NEED TO KNOW
- Ganesh Oduko came to the U.S. from Ghana in January 2022 on a student visa and was a student at a New Jersey university until 2023
- He was arrested in June after Homeland Security Agents approached him outside of his apartment and he has been detained since
- Oduko married Angie Figueroa on Wednesday, Aug. 13, and they hope their marriage will strengthen his ties to the U.S. and allow him to remain in the country
In early May, Angie Figueroa and Ganesh Oduko visited a jewelry store in New Jersey to try on wedding bands — the next step in their two-year courtship as they continued to plan for an intimate marriage ceremony later this year.
On Aug. 13, the couple married under circumstances they did not expect: They exchanged vows in a chapel at the detention center in Newark, N.J., where Oduko has been detained since June, in front of their attorney and another member of his firm, who were there as witnesses.

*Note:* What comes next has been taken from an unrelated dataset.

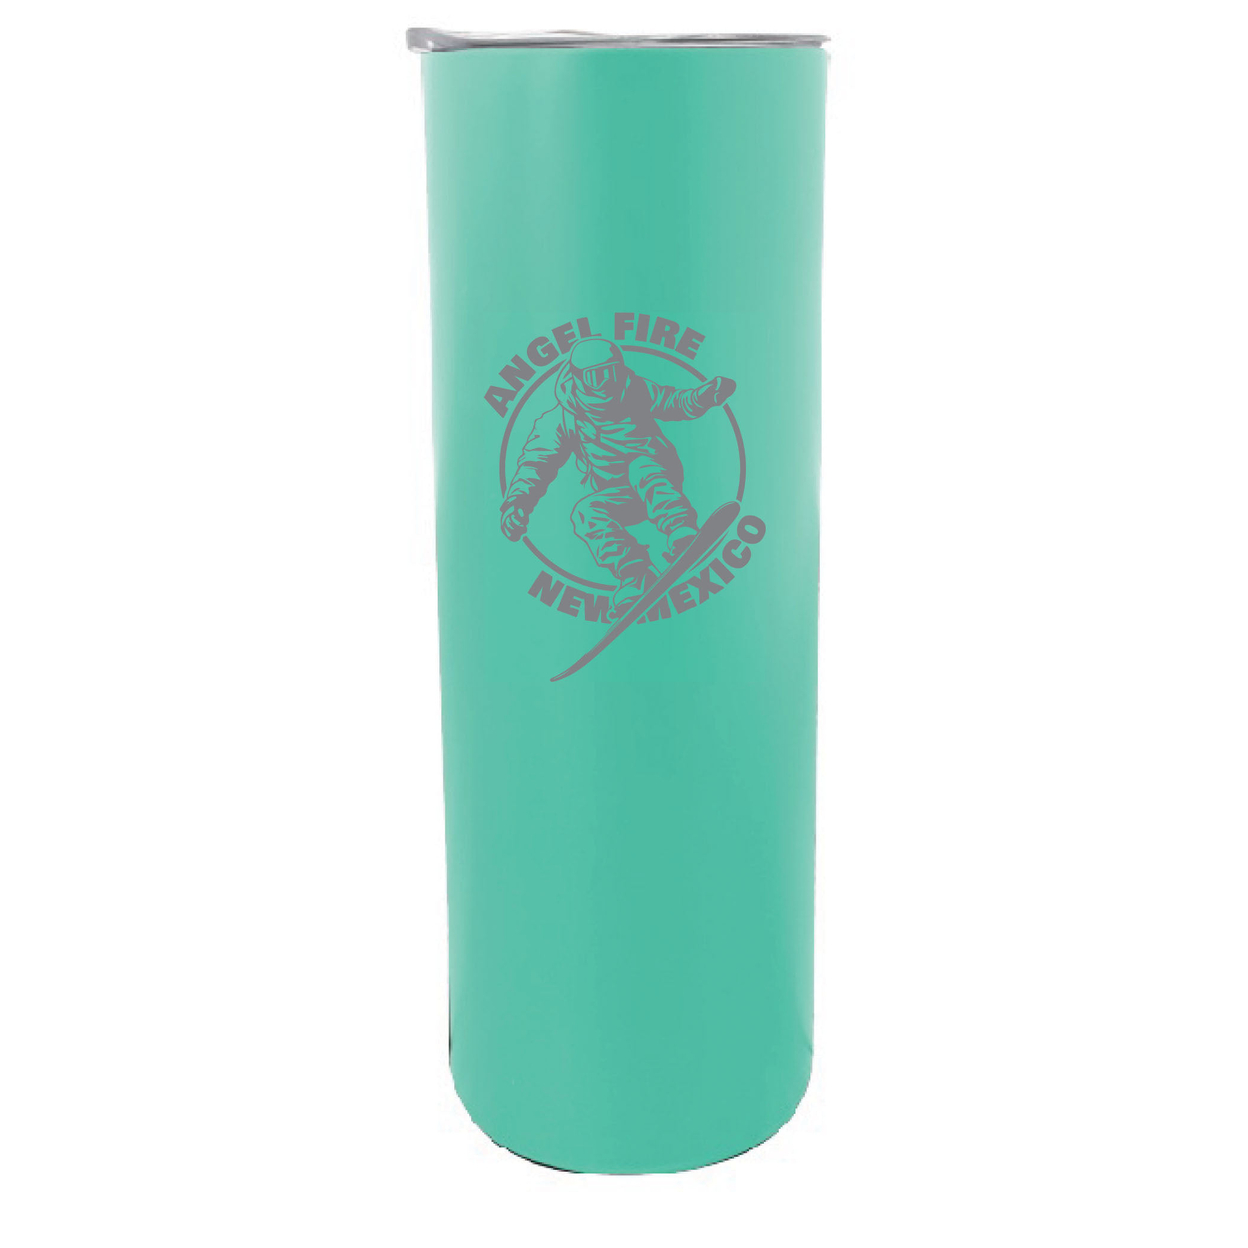 Angel Fire New Mexico Souvenir 20 Oz Engraved Insulated Stainless Steel Skinny Tumbler - Seafoam,,2-Pack

Figueroa wore a dress that complied with the detention center’s code — a sage frock from Charlotte Russe — while Ganesh, who has slimmed down significantly since his detainment, wore the dark blue uniform provided to detainees.
His attire was a stark contrast to the “clean and classic” black tuxedo Figueroa says she had envisioned him wearing on their wedding day.
They recited traditional vows during the roughly 15-minute ceremony and were allowed to hold hands and kiss but have no photos to mark the occasion, as cameras were not permitted.
Though they both believed they might cry, neither did.
Their initial plans were upended in June, when Oduko was detained by a Homeland Security Investigations agent in Bloomfield, N.J., as he left his apartment for work one morning.
Oduko, 25, came to the U.S. from Ghana in January 2022 on a student visa but withdrew from school to work and save up money with a plan to return, according to Figueroa, Oduko’s attorney and a religious sister whose volunteer farm program he participated in two years ago.
He was arrested on June 13 for having violated the terms of his visa because he fell out of status when he was no longer enrolled in school.
Federal officials have been cracking down on a wide array of immigration cases after President Donald Trump successfully campaigned on such a platform last year, though some of the detainments and deportations have stirred controversy.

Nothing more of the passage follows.